Task description:
Find the line with "Kinijos teismas po" in the entries below, then output every line from it down to the line with "Clear Quartz Glass", exactly and with no pictures.

Given information:
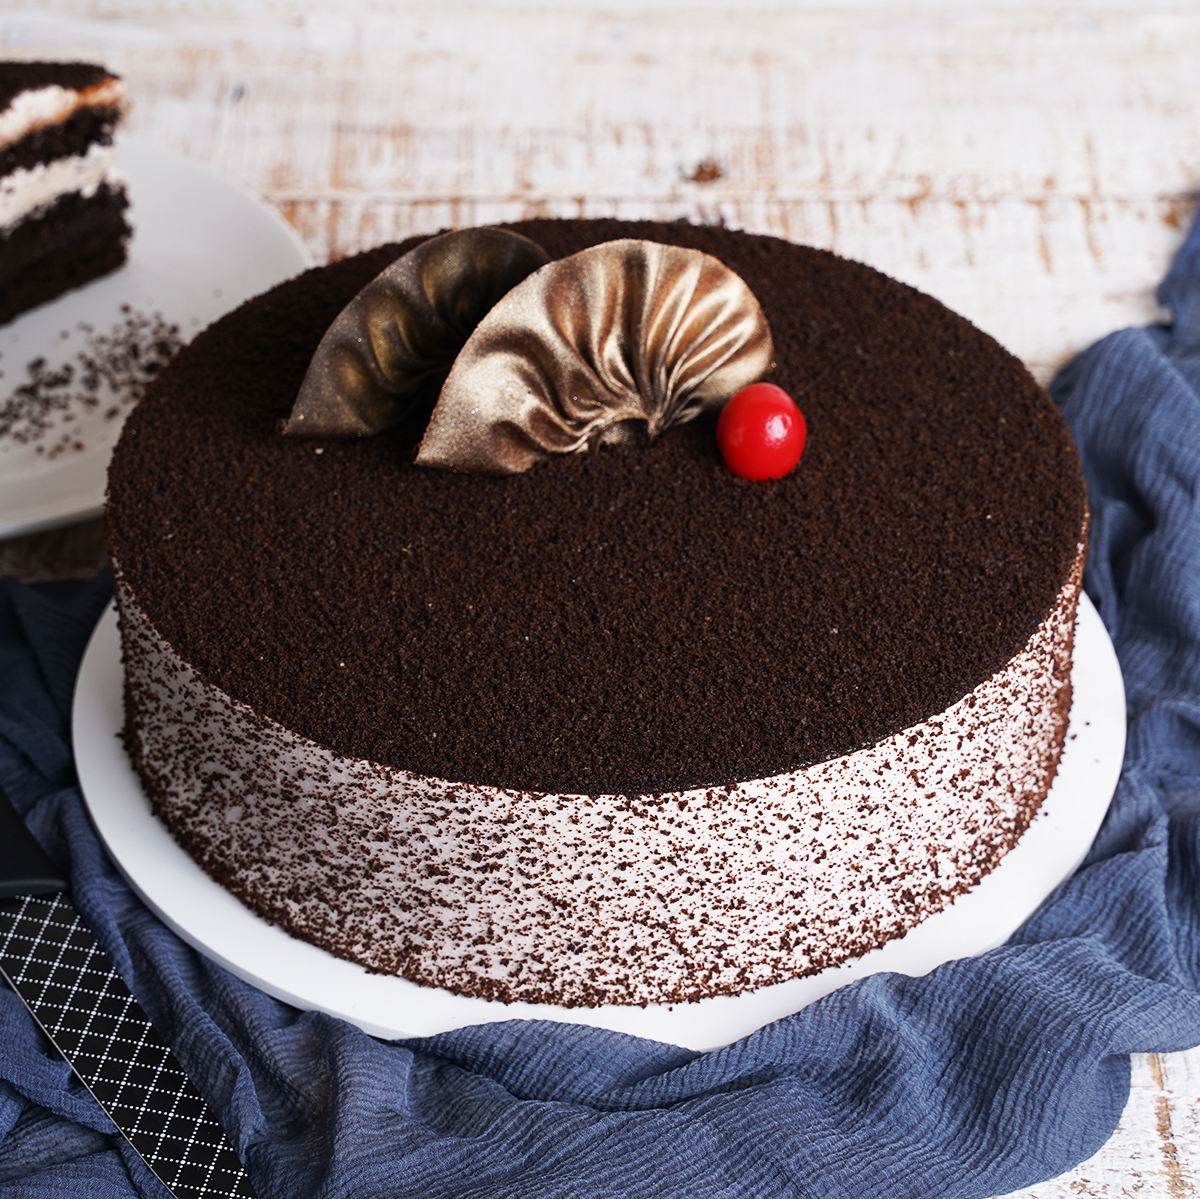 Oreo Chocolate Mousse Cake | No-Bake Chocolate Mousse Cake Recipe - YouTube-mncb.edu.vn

--

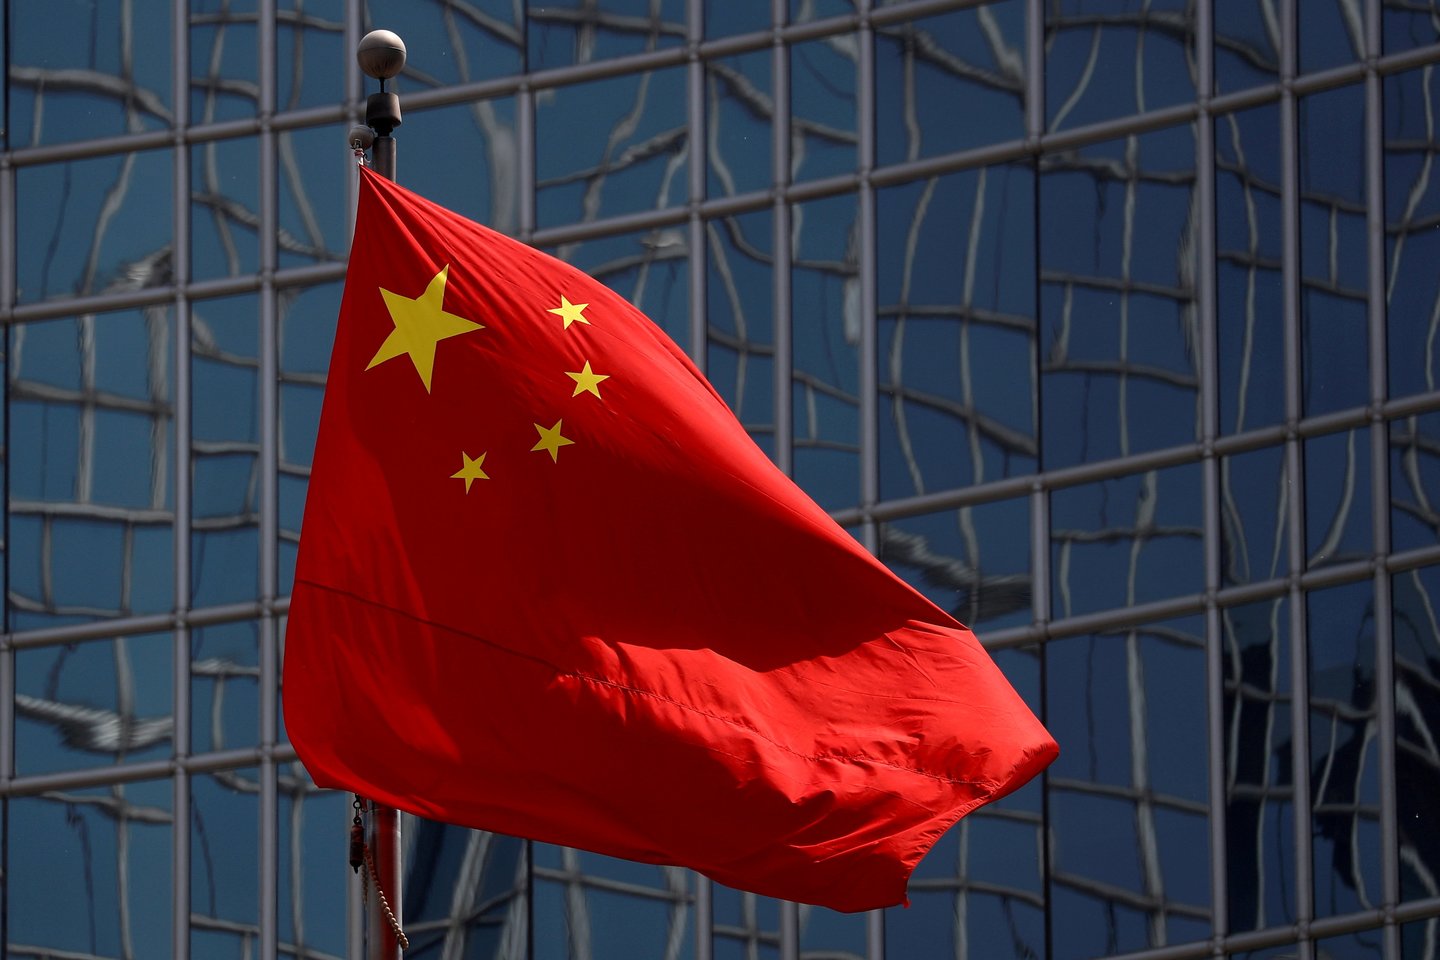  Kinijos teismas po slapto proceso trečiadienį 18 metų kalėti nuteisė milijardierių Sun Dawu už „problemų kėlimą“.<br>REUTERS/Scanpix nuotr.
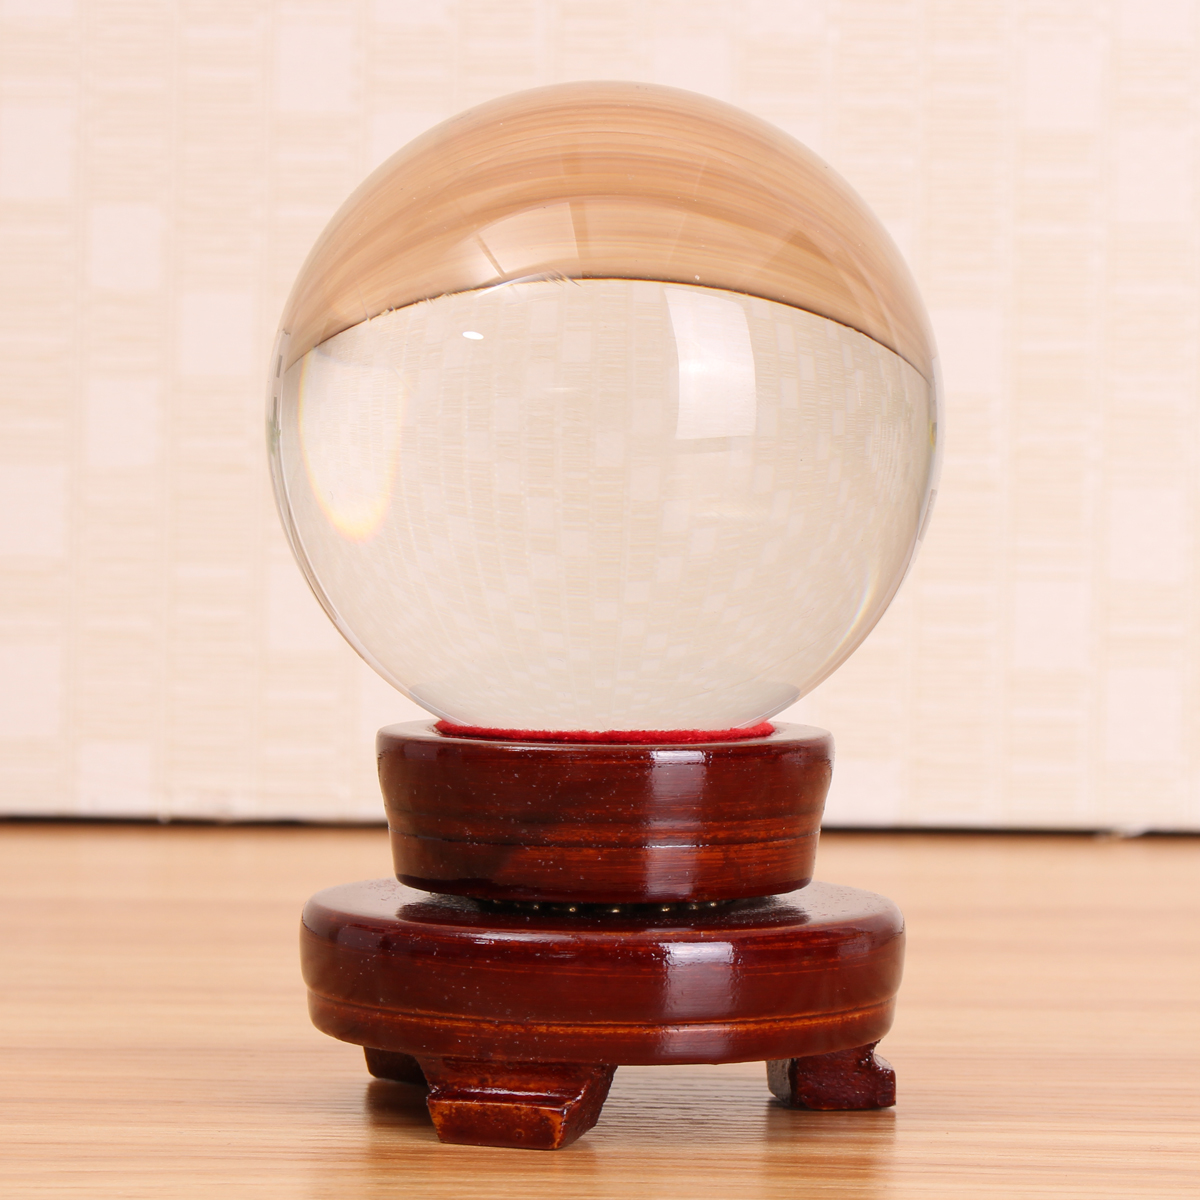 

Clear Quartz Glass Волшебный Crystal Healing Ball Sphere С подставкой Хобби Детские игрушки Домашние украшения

--

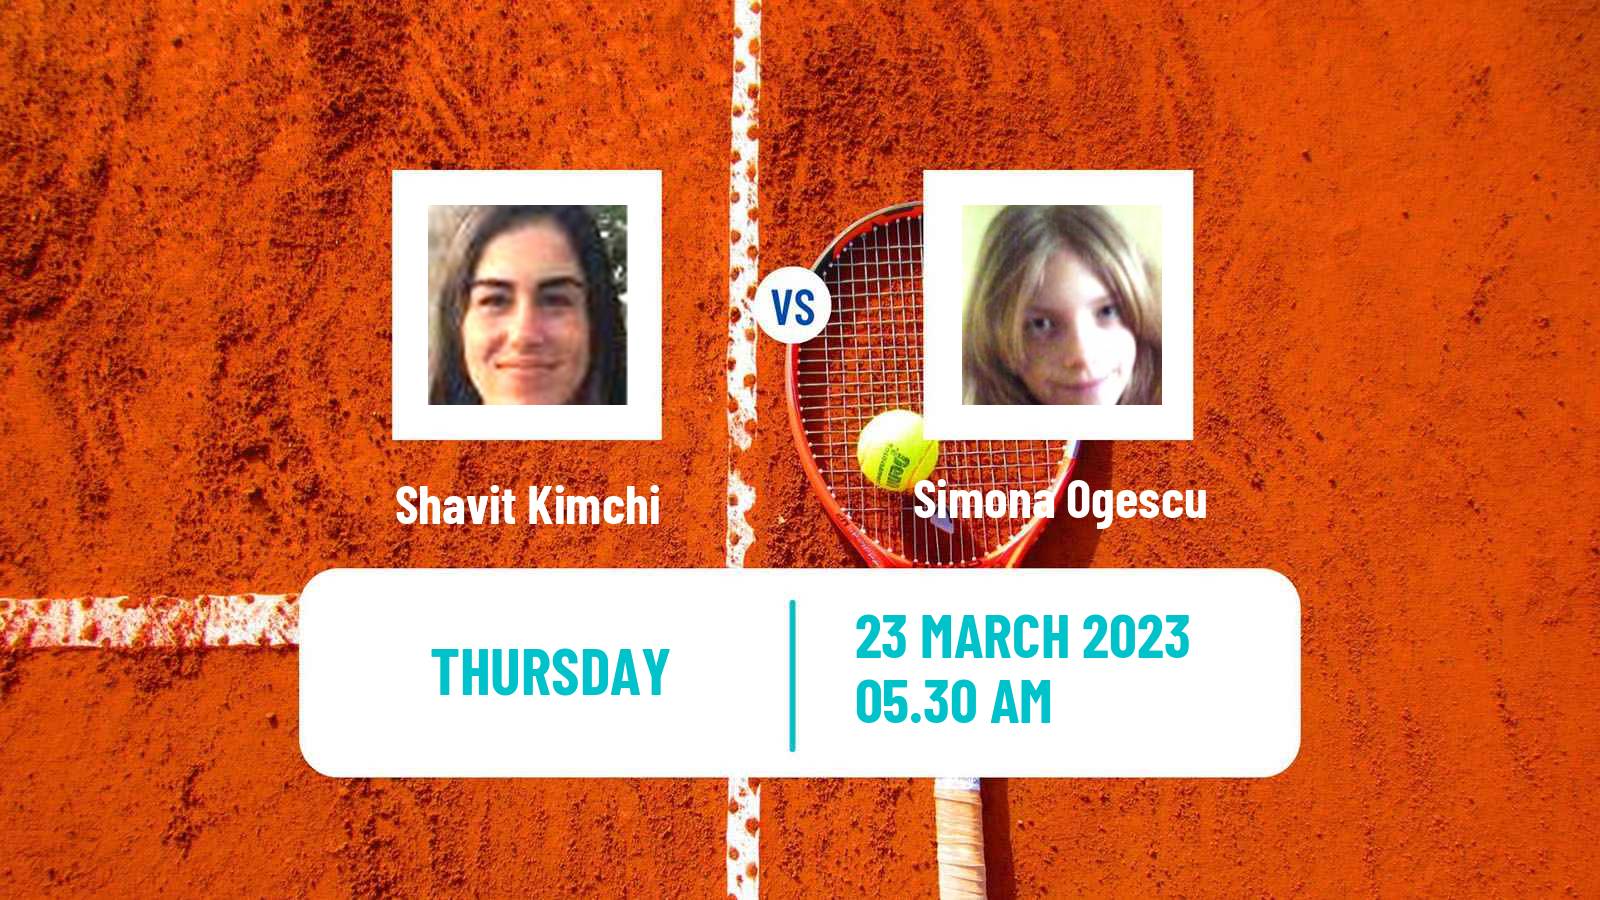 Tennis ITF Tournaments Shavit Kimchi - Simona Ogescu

Reply to the exercise:
  Kinijos teismas po slapto proceso trečiadienį 18 metų kalėti nuteisė milijardierių Sun Dawu už „problemų kėlimą“.<br>REUTERS/Scanpix nuotr.

Clear Quartz Glass Волшебный Crystal Healing Ball Sphere С подставкой Хобби Детские игрушки Домашние украшения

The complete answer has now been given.